As cannabis was legalized in New York State last year for use by people 21 and older, Tomeny sees “some challenges” ahead.

“We’ve seen usage increase sharply, especially as they get older,” she said. “[Marijuana] is the only substance with a noticeable decrease in parental disapproval, so we have some work to do in this area. Of course, among their peers, all it takes is getting education and information for students to really understand what the harms can be.

Griffin said the district has many resources and curriculum-based programs to help students make healthy decisions in middle school and high school.

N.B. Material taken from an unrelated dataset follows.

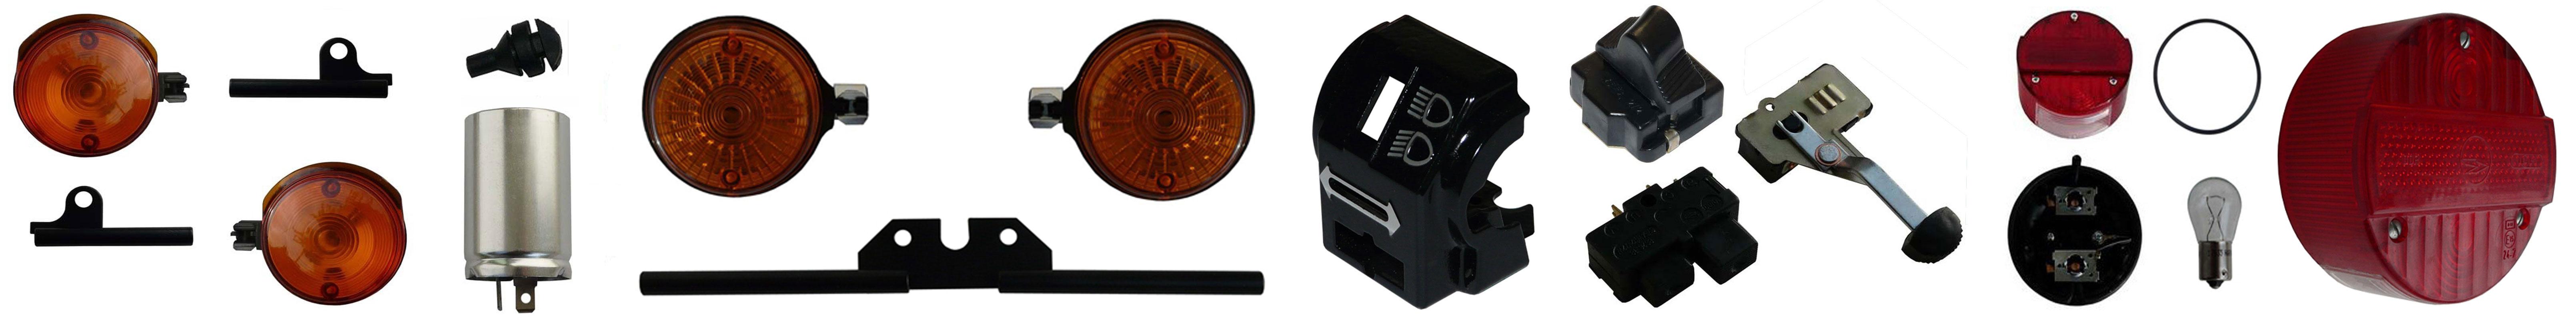 MZ ETZ 250 Ersatzteile Blinker Rücklicht

“We’re looking to bring in programs and assemblies and speakers to try to address those issues, so it’s done through the school,” he said. “We also have professionals in the building, such as our youth workers, school counselors and psychologists. We are here to support students who are struggling with substance abuse. We have a strong club and a sports and extracurricular program and our participation rates are very, very high. We have a strict and strict code of conduct which prohibits the use of substances during the school day which we follow very carefully.

Tomeny said the next Pride survey will be administered in 2023 and may also include eighth graders for the first time.